Sometimes over the Maasdijk, sometimes through forests or between fields. And I saw so many beautiful things. Not at first, because I wasn't used to really looking. But gradually I noticed more and more beautiful things. How neon green the grass is in the spring. The contrast of the sun falling on trees with a dark rainy sky behind it. The dramatic Dutch cloudy skies, which inspired painters such as Jacob van Ruisdael in the 17th century. I enjoyed that more and more.
And I also saw how fleeting that beauty is.
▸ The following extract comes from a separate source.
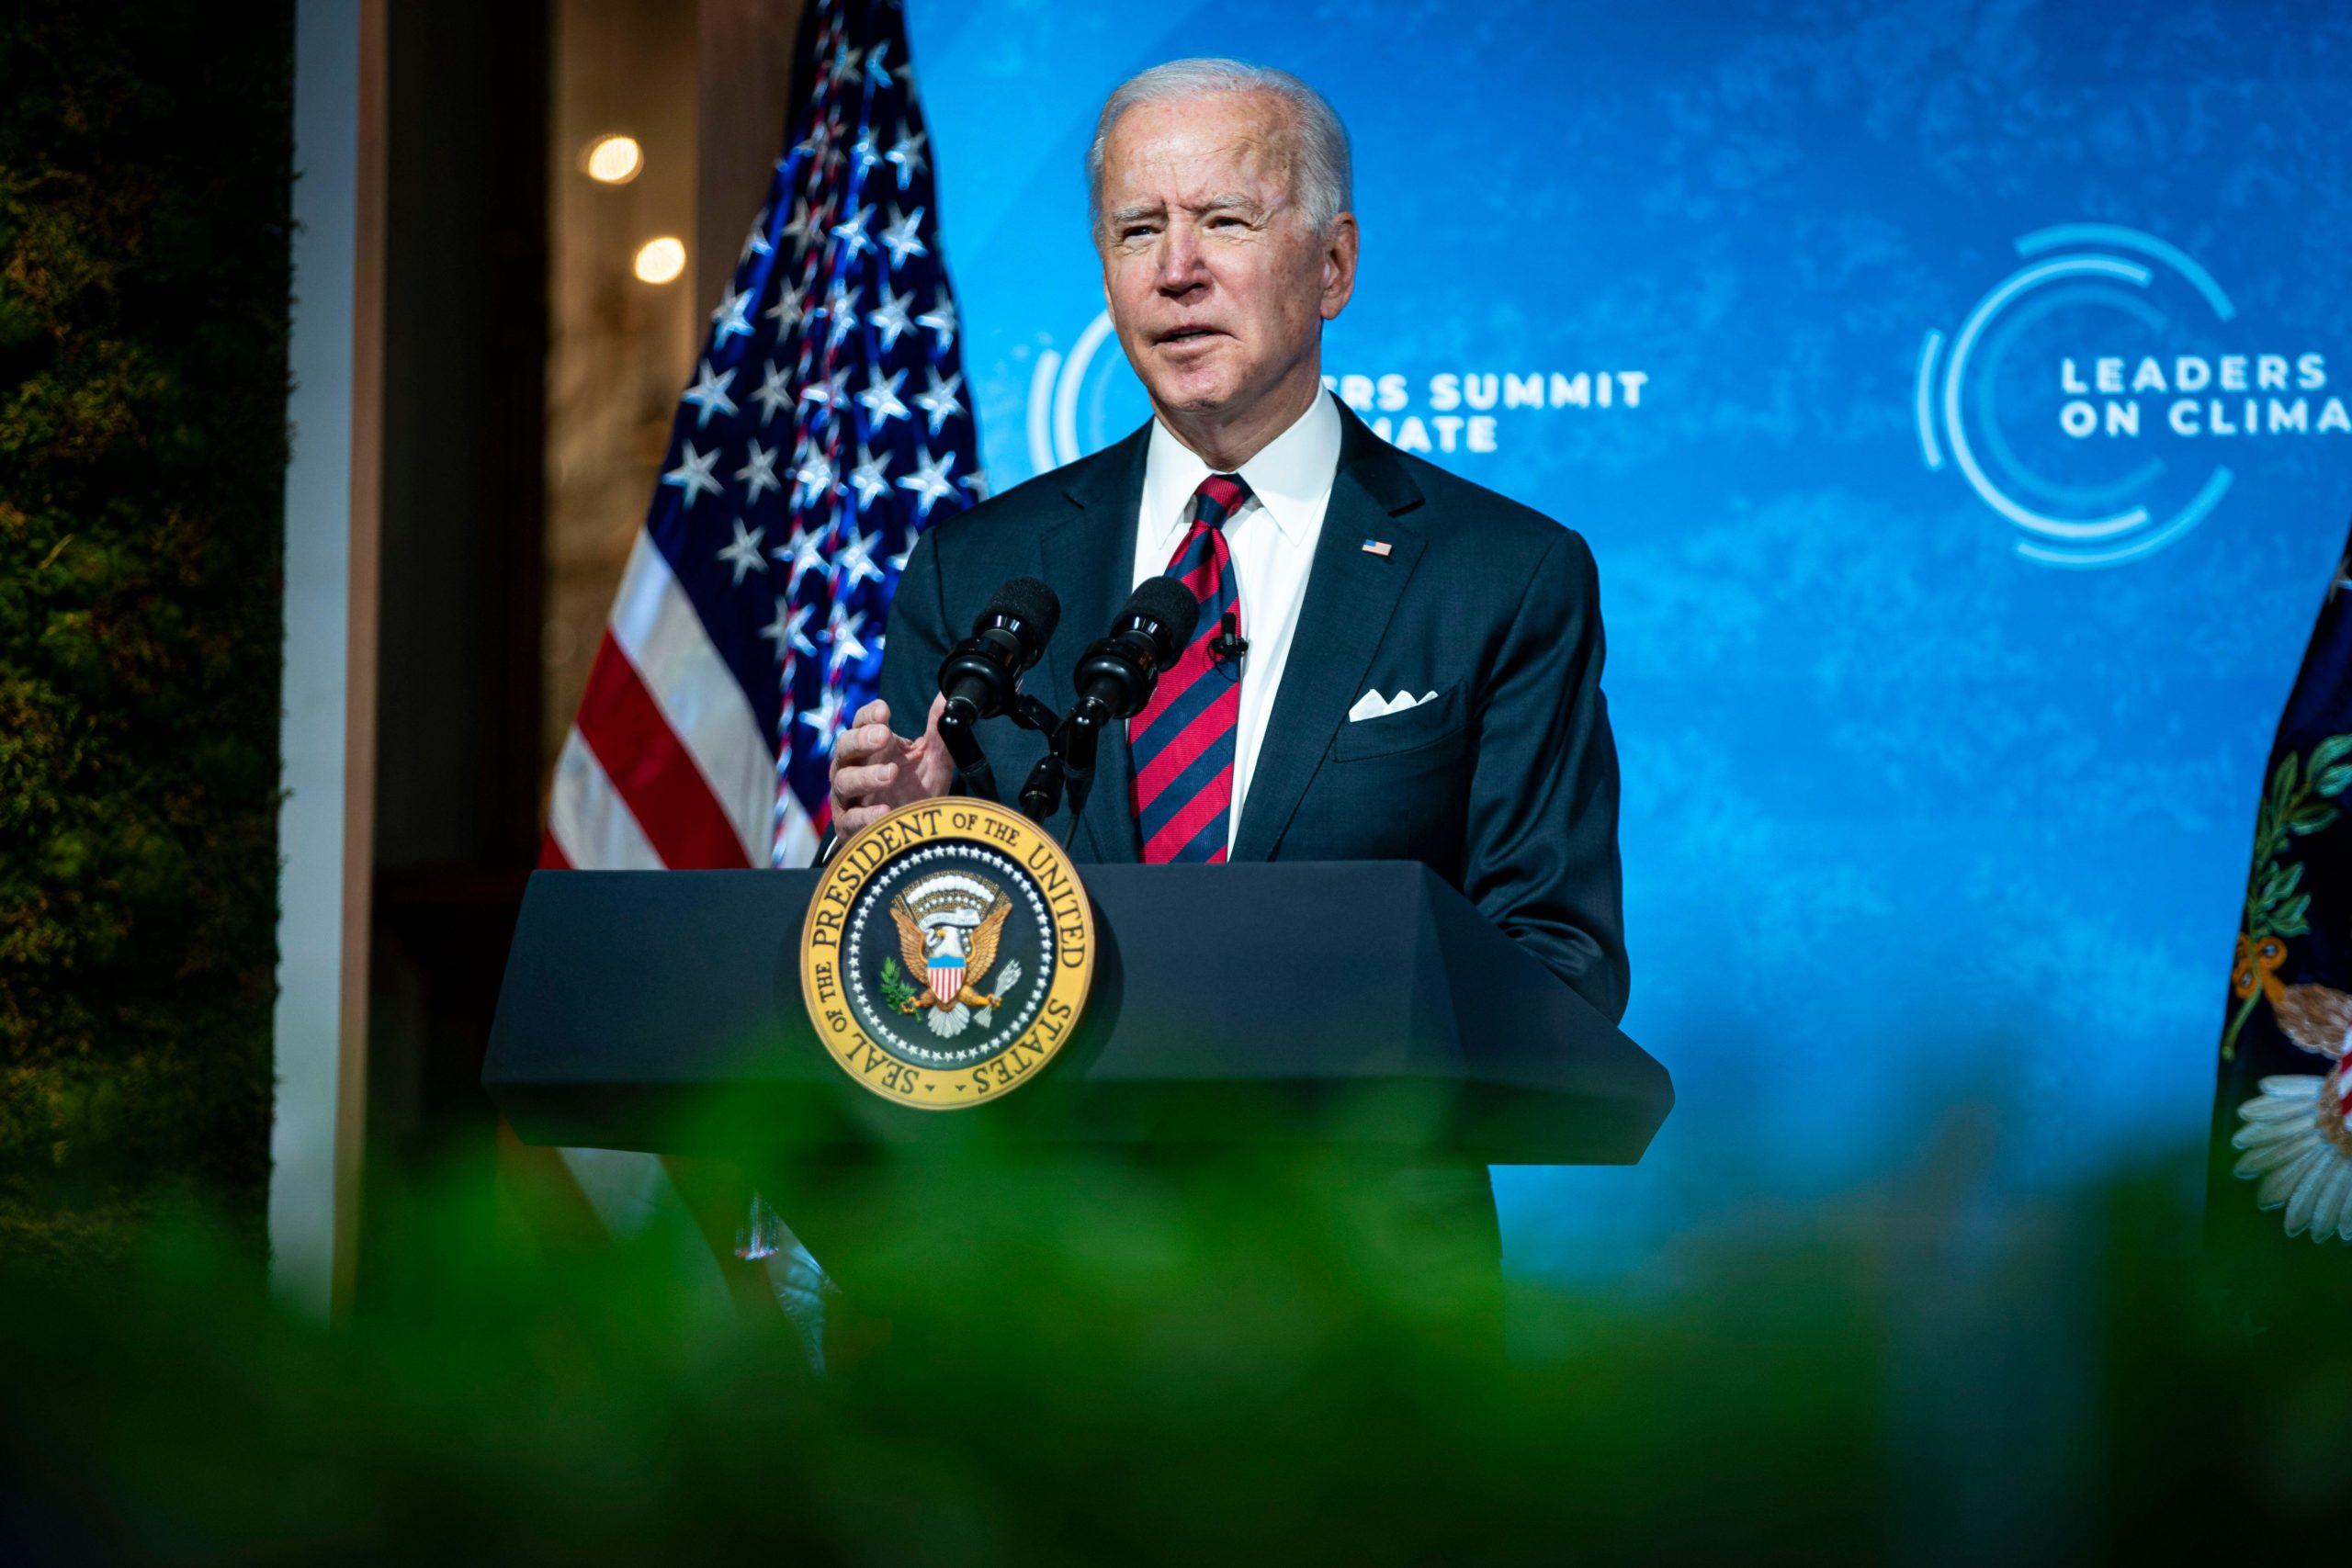 US president Joe Biden at the Leaders Summit on Climate

Nothing is as changeable as light and as elusive as clouds. Spring is always too short. This made me want to capture those moments. To be able to save them. About 20 years ago I bought my first camera. An analogue Canon, with which I photographed the nature around Nijmegen. I thoroughly enjoyed it and then I sometimes thought, “Should I take a photography course?” But I was busy with my career. So busy that photography increasingly faded into the background and at one point I sold my camera. It was done. I thought.
Until 2016.
That was a difficult year for me. I got stuck in my work and didn't feel comfortable in my own skin. Worried a lot and worried about the future. And then, just like that, there was the thought: “I want to start taking photographs again!” Going back into nature, seeing beauty, feeling freedom. On a whim I bought a camera. My first Sony. There I was. And I felt so how intimidated by all the buttons and options. The camera was in the closet for the first few months. But eventually I started taking pictures. First on automatic mode. Nice and easy, then I didn't have to worry about all the technical possibilities. Gradually I started using more of those options and slowly the camera felt more and more familiar.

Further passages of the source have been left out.